▸ **Data block**
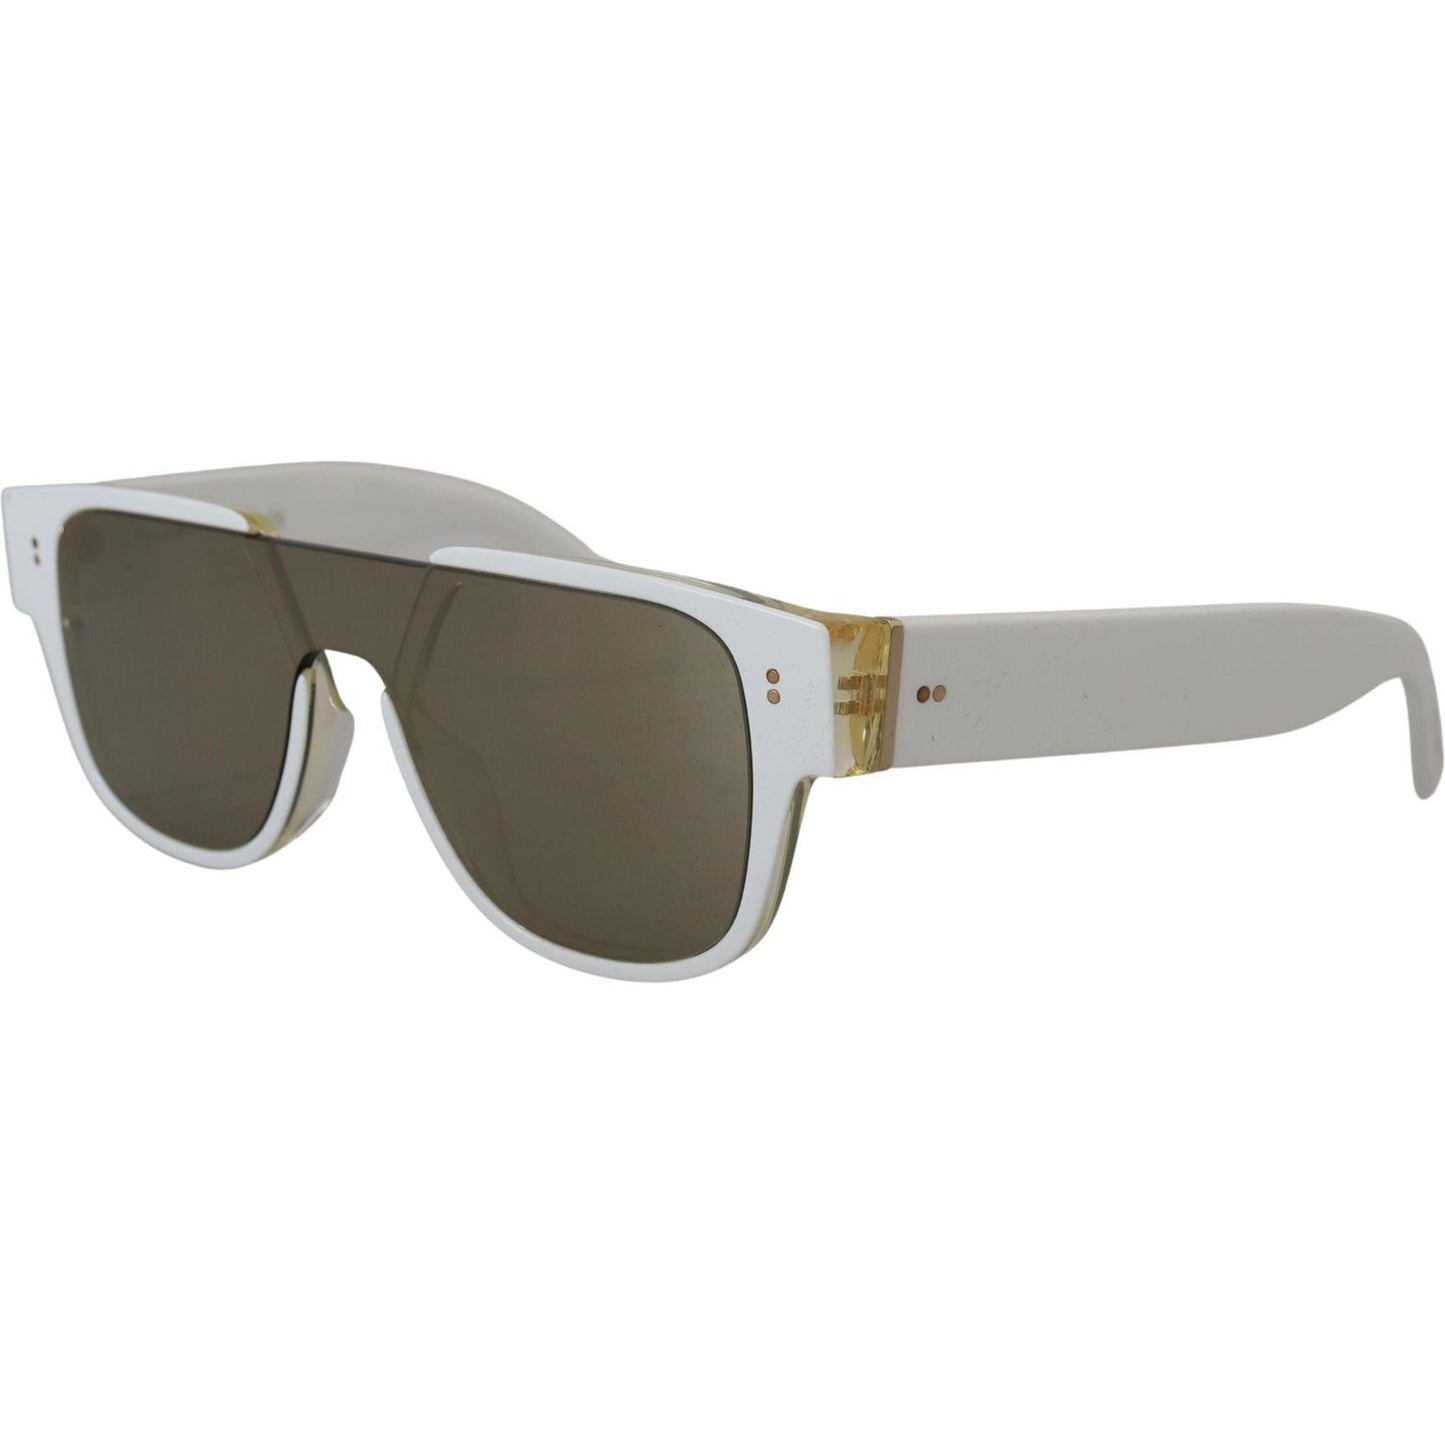 Dolce & Gabbana Elegant White Acetate Sunglasses for Women white-acetate-full-rim-frame-shades-dg4356f-sunglasses IMG_4035-scaled-6fbbf4b2-1fd.jpg
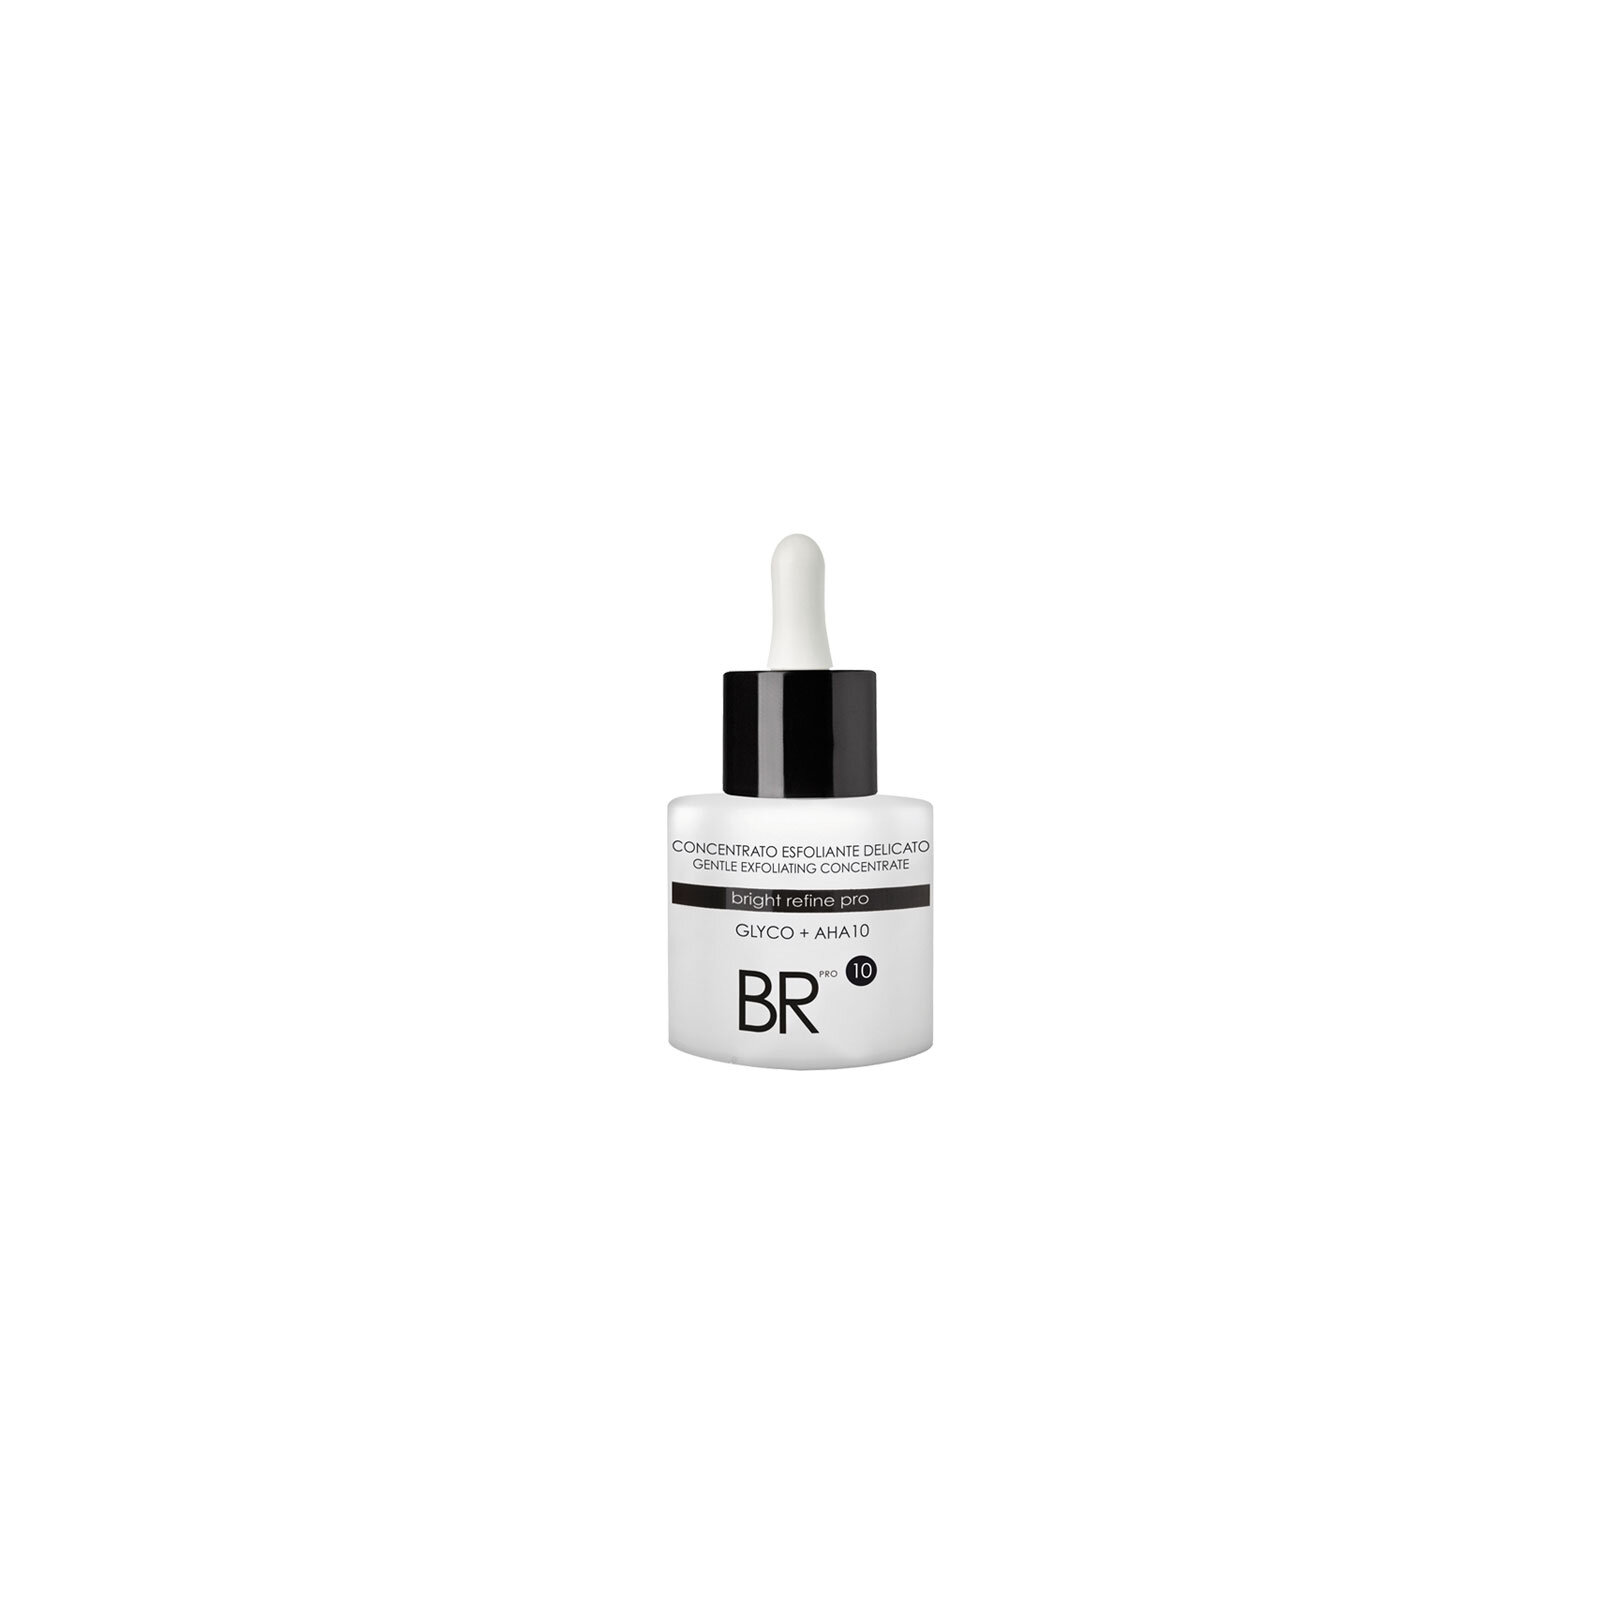 BR_concentrato-exfoliante-delicato- 15 ml.jpg
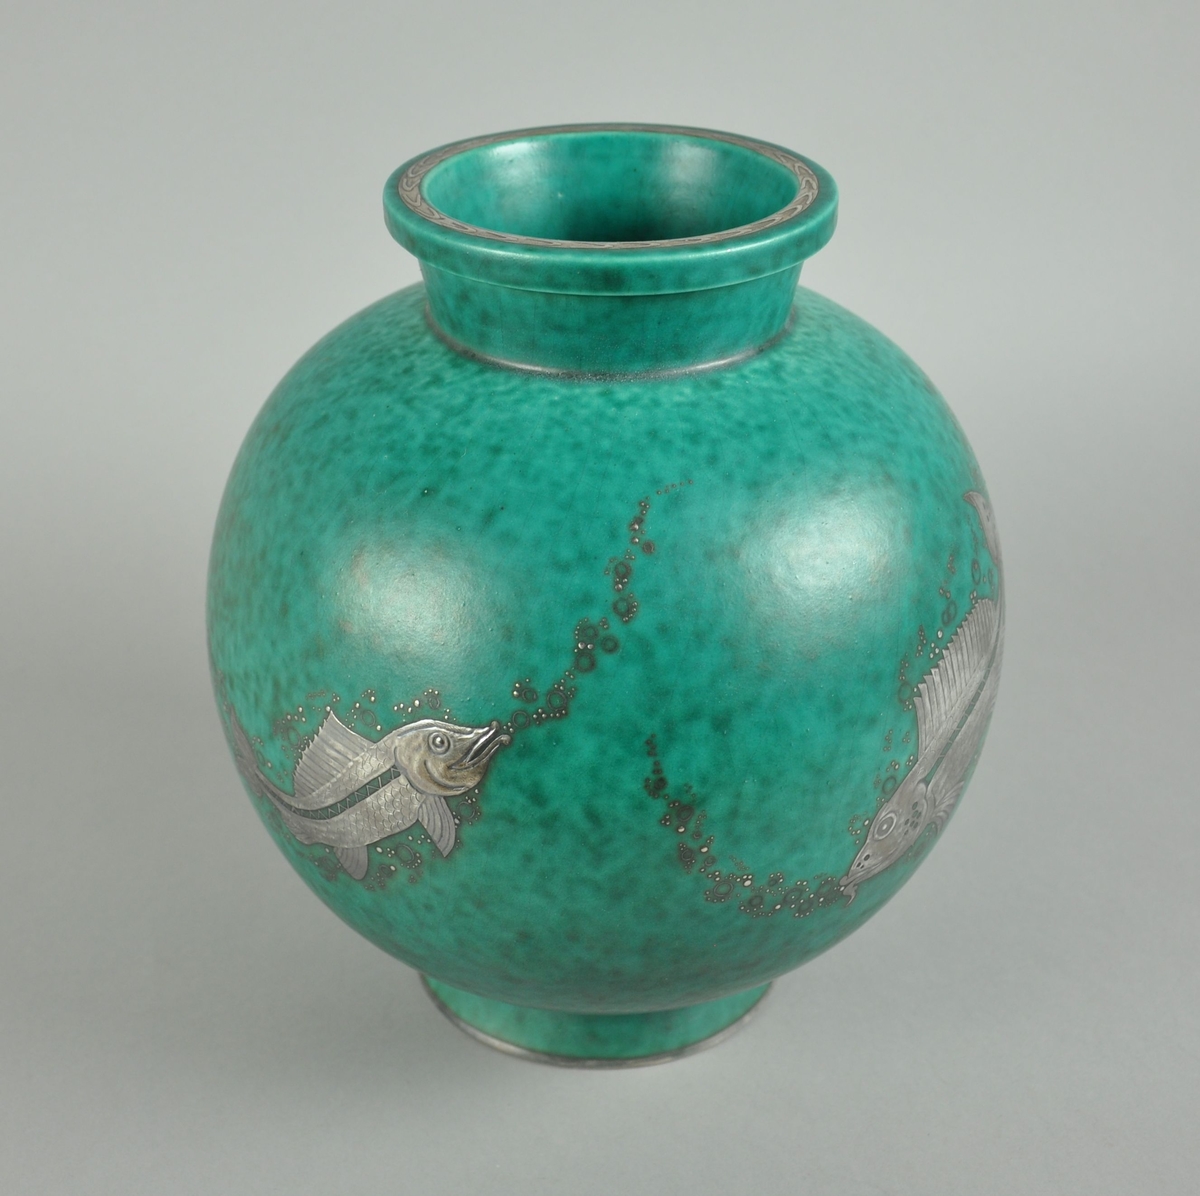 Grønn vase av keramikk. Vasen har en rund form med sokkel og rand. På oversiden av randen går det en dekorborde. På korpus er det gravert dekor av metall, forestiller fisk som blåser luftbobler.
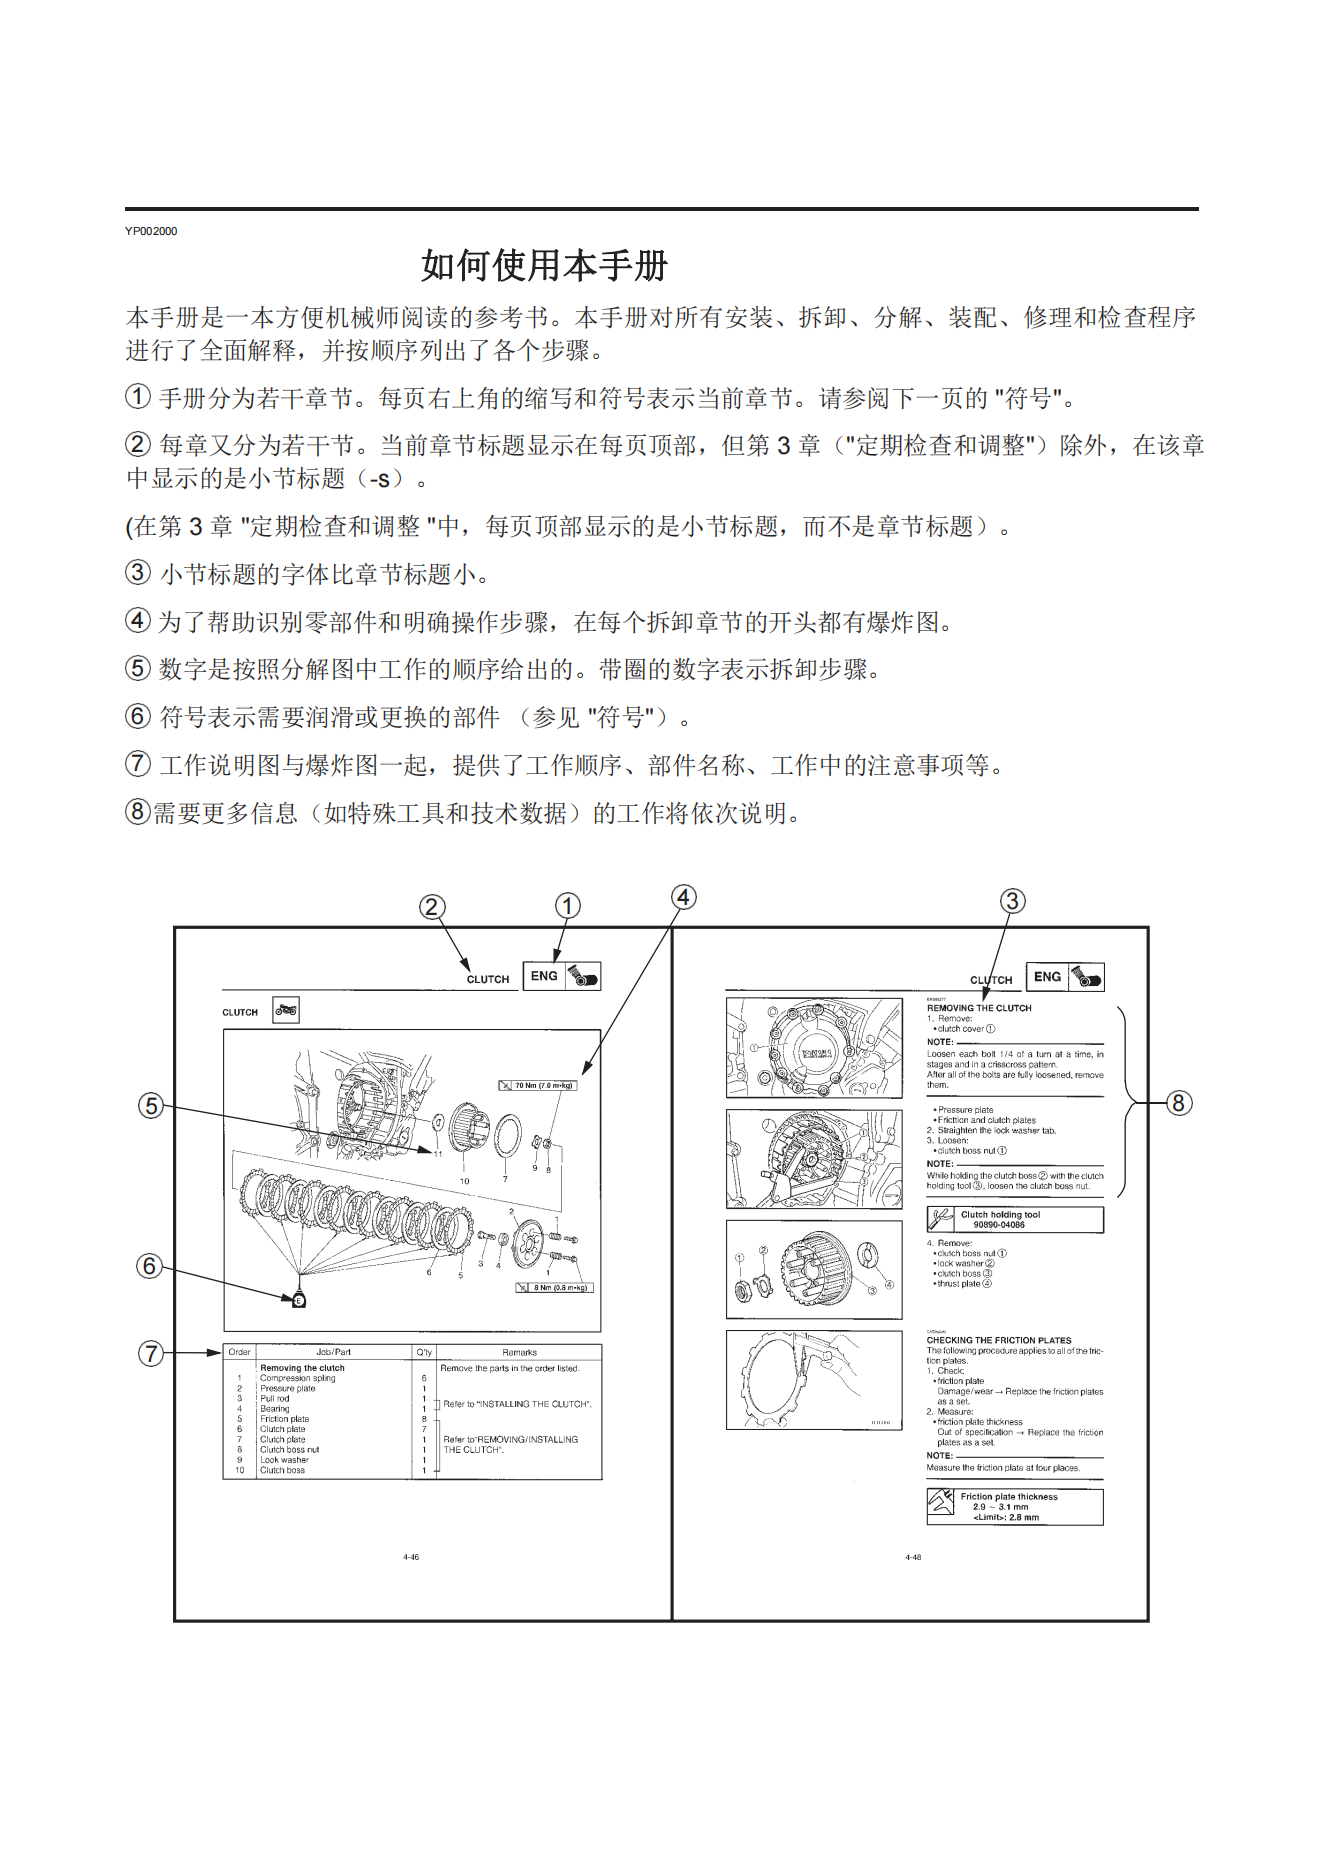 简体中文2001年雅马哈yzfr6雅马哈r6维修补充手册需要和1999-2002年雅马哈r6维修手册一起使用插图1

▸ **About this exercise**
Would you reproduce the lines above exactly, without carrying over the pictures?

▸ **Written answer**
 Dolce & Gabbana Elegant White Acetate Sunglasses for Women white-acetate-full-rim-frame-shades-dg4356f-sunglasses IMG_4035-scaled-6fbbf4b2-1fd.jpg
 BR_concentrato-exfoliante-delicato- 15 ml.jpg
 Grønn vase av keramikk. Vasen har en rund form med sokkel og rand. På oversiden av randen går det en dekorborde. På korpus er det gravert dekor av metall, forestiller fisk som blåser luftbobler.
 简体中文2001年雅马哈yzfr6雅马哈r6维修补充手册需要和1999-2002年雅马哈r6维修手册一起使用插图1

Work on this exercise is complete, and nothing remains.